2015/11/05

釜山の食

 先週は釜山に出張だった。
 わずか3泊4日のこと、つまり、夕食も3回だけのこと、何ほどのこともないが、釜山の印象を食を中心に一つ二つ。
釜山は港町。世界第5位のコンテナ取扱量を誇るような貿易港であると同時に、漁港としても有数の規模にあるようだ。
 魚市場に接して魚屋が軒を並べている。この商店がそのまま食堂にもなっていて、新鮮な魚介類を提供して人気を博している。
 チャガルチ市場と呼ばれる地区で、龍頭山の西麓に位置し、国際市場の南西に当たる。ここを夕食がてら訪れたのだが、ものすごい活気だった。
 何しろ、岸壁のすぐ裏側にあたるのだから、水揚げされたばかりの魚を直線にすればほんの数十メートルの場所で食べるということになるわけで、新鮮でなかろうはずがない。
 まずは市場を一通りのぞいてみた。ありとあらゆる魚が屋台に並べられている。タコ、イカ、サバ、ヒラメ、カニ、カキ、アワビ、サザエ、ハマグリなどのほか、名も知らぬ魚介類も数多い。とにかく巡っていて楽しくなる。
 大方の魚屋は奥が食堂になっていて、目についた魚を指させばすぐに料理して出してくれる。料理方法もその場で相談できる。
このうちの1軒を選んで入った。頼んだのはカニとヒラメをメインにその他数種。ホヤもあったので頼んだ。
 カニは日本でいうズワイガニ。甲羅の直径が20センチほど、足を伸ばしたら1メートルを超えていたようで、大変大ぶりだった。
 これを蒸して提供してくれた。ゆでる日本とは大きく違う。うま味が逃げなくていいのだということだった。3人で2匹を食べたら満腹だった。とにかくしゃぶりつくようにしていただいた。終わりに、カニ味噌でおじやを作ってもらったが、これも美味だった。
 ほかに、刺身はヒラメ。これも大ぶりなものでいかにも豪華。しこしこと歯ごたえもあり、甘みもあってとてもおいしいものだった。日本ではとても手が出ない高級食材で、ここでは思いっきり食べたが、3人で食べきれないほどだった。
 函館や釧路などと魚市場に隣接する食堂街は日本でも人気だが、この釜山ほどの規模や新鮮さにはお目にかかったことがない。
 また、別の夕食では、韓定食というものをいただいた。かつては庶民が食べることはなかったようだが、驚いたのはその種類の多さ。実に22種もの料理が出てきた。一つひとつは食べやすいように小分けしてくれていたが、それでもこれほどの種類にもなると後半はもてあますほどだった。ただ、どれがメインディッシュなのか、印象が散漫になった。
 酒は、韓定食の時には花郎という日本酒のような酒が振る舞われた。日本酒より多少強いか、なかなか味わいのある酒で、冷酒で飲むのだがおいしくて気に入った。なお、魚市場での食事の際には、ビールが中心だった。というよりも、カニを食べることに夢中になり、とても酒までは気が回らなかった。
 なお、韓国では、料理を頼むと、それがどんなものであれ、必ず小皿が数種類付いてくる。キムチやナムルなどとあって、すべてサービスである。
 また、紅参をはじめ滋養強壮に良さそうな食材が盛り込まれていて、韓定食などまるで薬膳料理かと思われるほどだった。
 わずかな経験だが、食がよければほかに何も言うことがないわけで、釜山は結局好印象だった。

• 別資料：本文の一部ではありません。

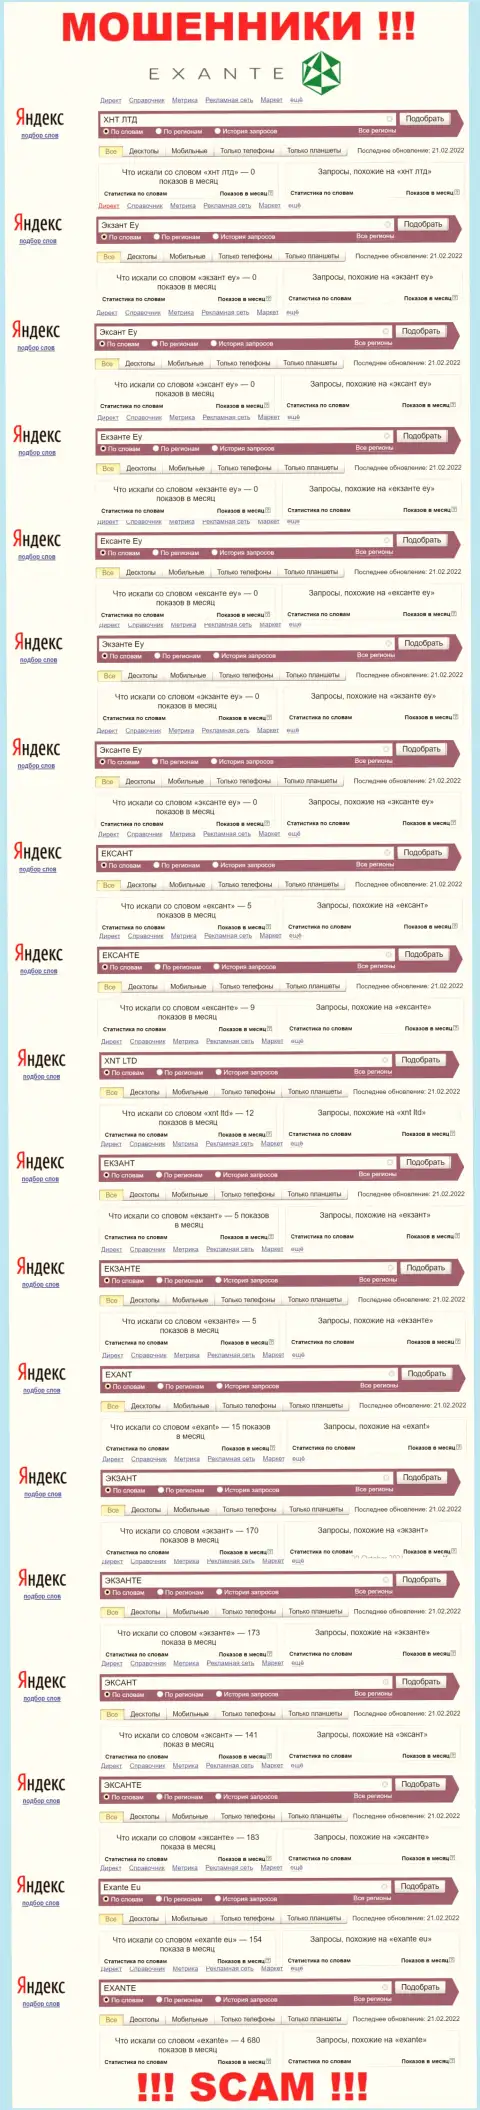 Количество online запросов в поисковиках internet сети по бренду жуликов Exante Eu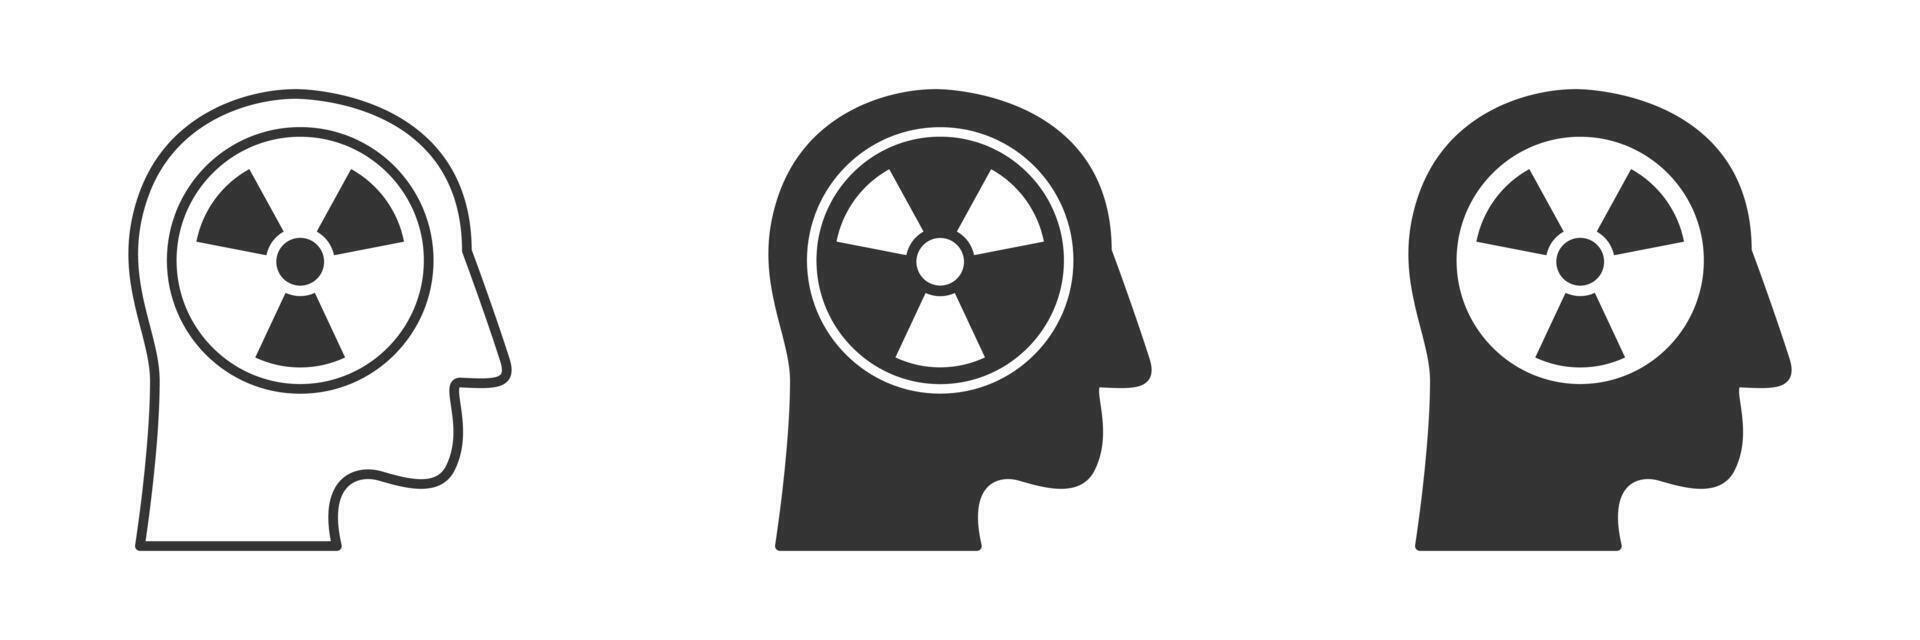 Humain tête icône avec radiation symbole à l'intérieur. vecteur illustration.

写真1 魚屋が軒を並べるシャガルチ市場。夜まで活気があった。


写真2 これを2匹3人でいただいたらすこぶる満腹だった。活きているので動き回って写真が撮りにくい。


写真3 22種もの料理が提供された韓定食。申し訳ないが、何のことはないこのチヂミがいちばんおいしかった。